• [TASK DETAILS]: Copy exactly the lines of the material below that fall between the line with "月亮下的女战士场景图PS教程素材" and the line with "Yokohama Chukugai Chinatown", both of those lines included; pictures stay out.

• [DATA FOR THIS TASK]:
········

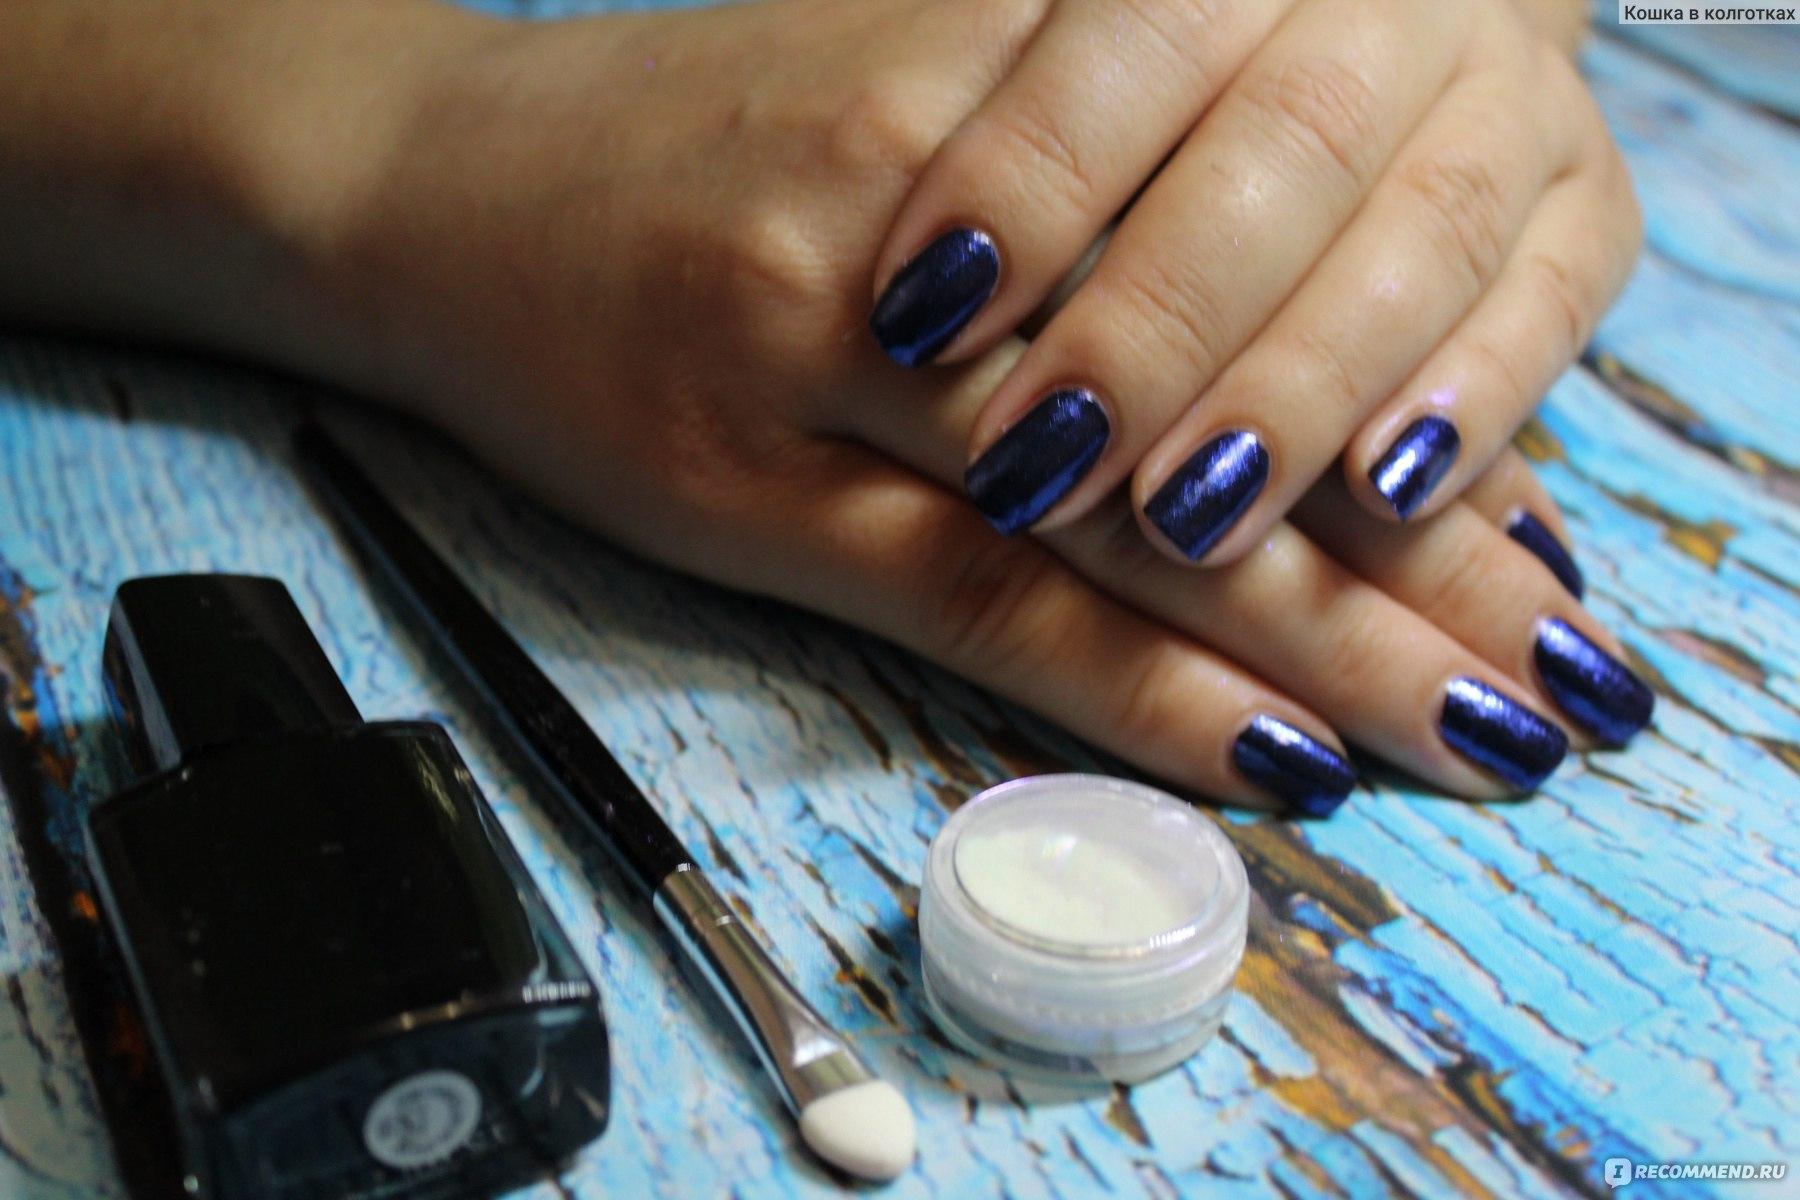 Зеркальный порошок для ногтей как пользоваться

········

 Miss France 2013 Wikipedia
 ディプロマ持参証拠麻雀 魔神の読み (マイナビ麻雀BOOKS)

········

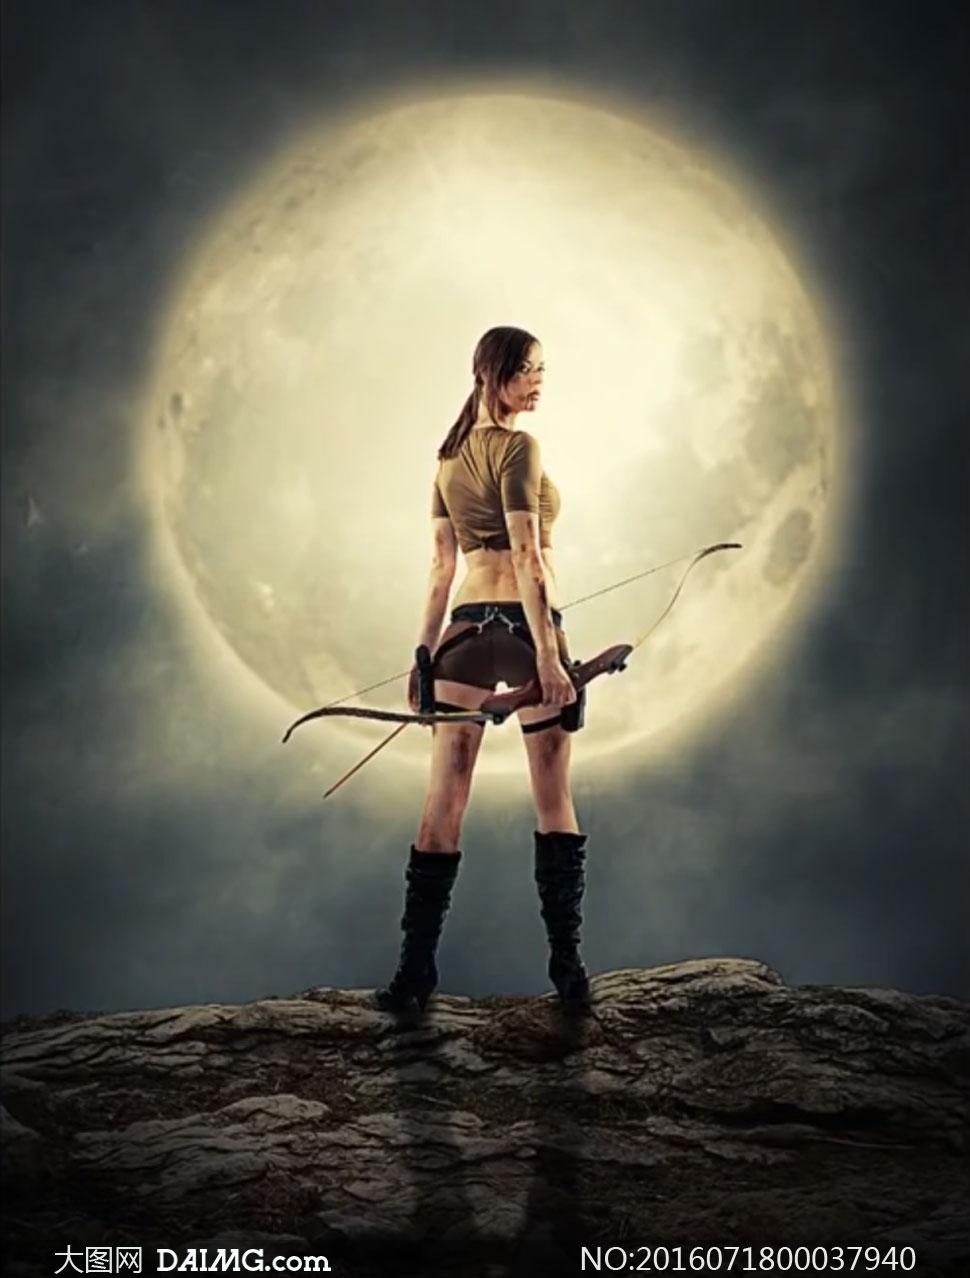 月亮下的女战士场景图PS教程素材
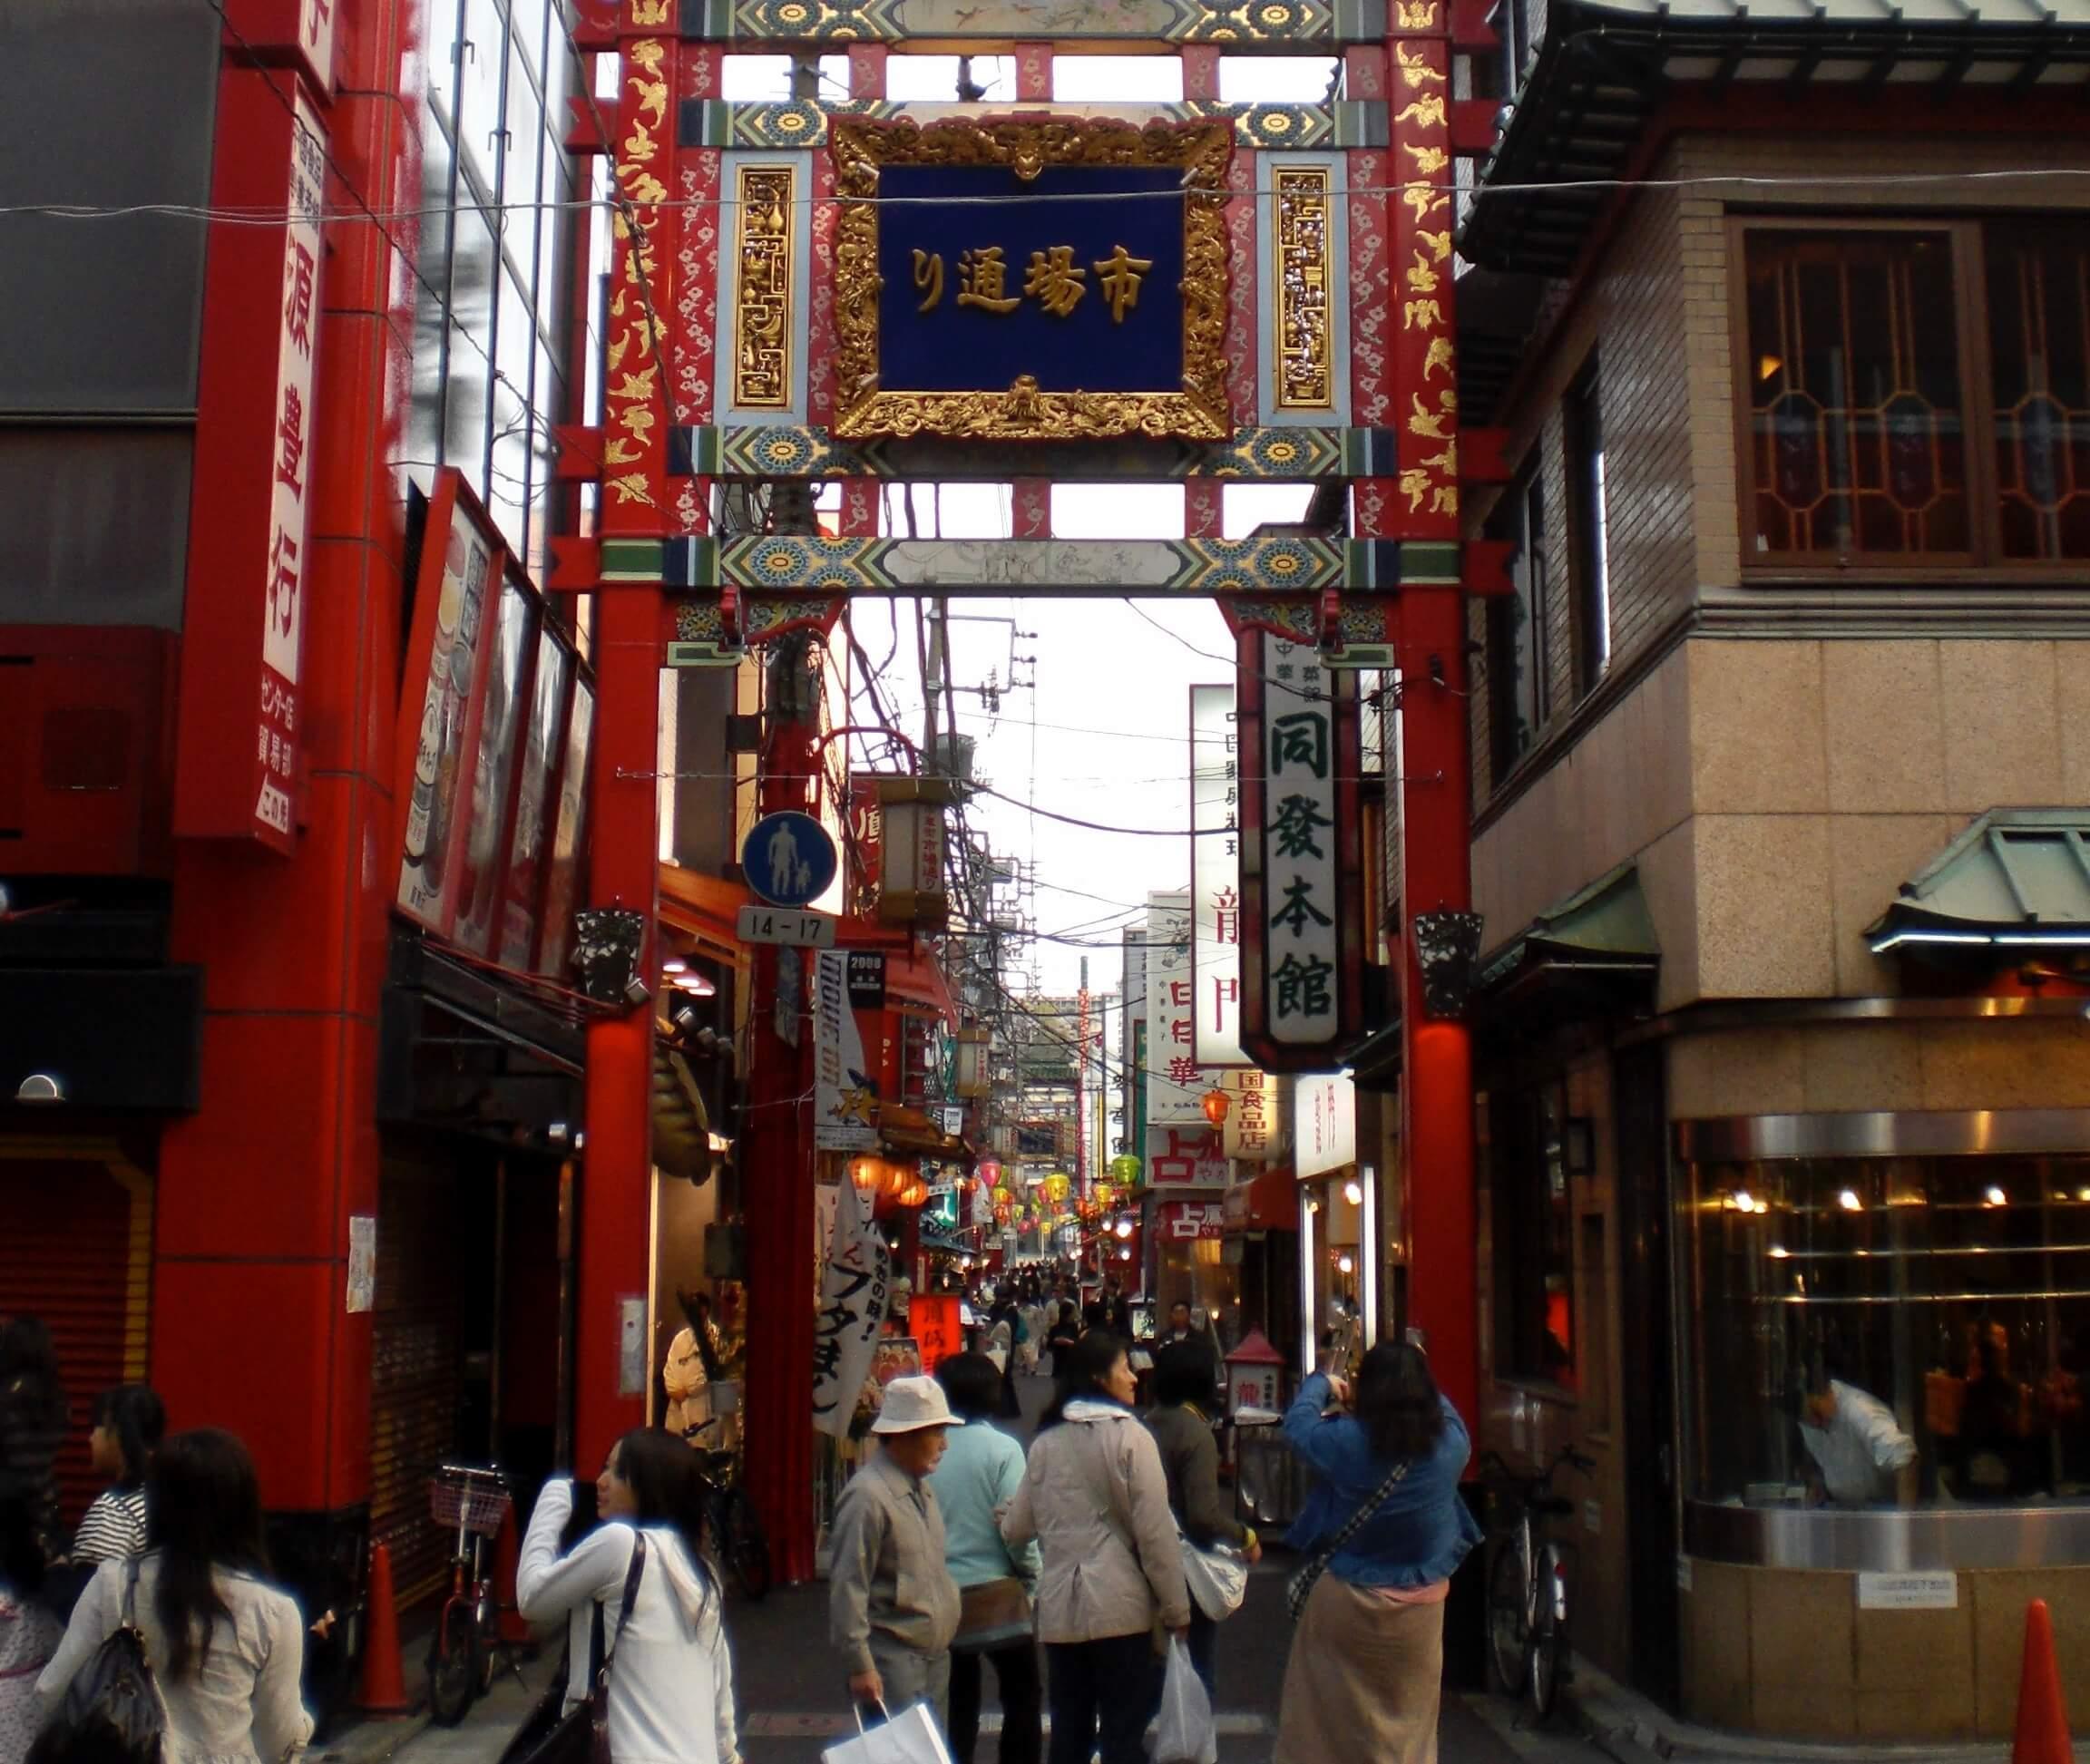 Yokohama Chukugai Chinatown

········

• [WRITTEN RESPONSE]:
 月亮下的女战士场景图PS教程素材
 Yokohama Chukugai Chinatown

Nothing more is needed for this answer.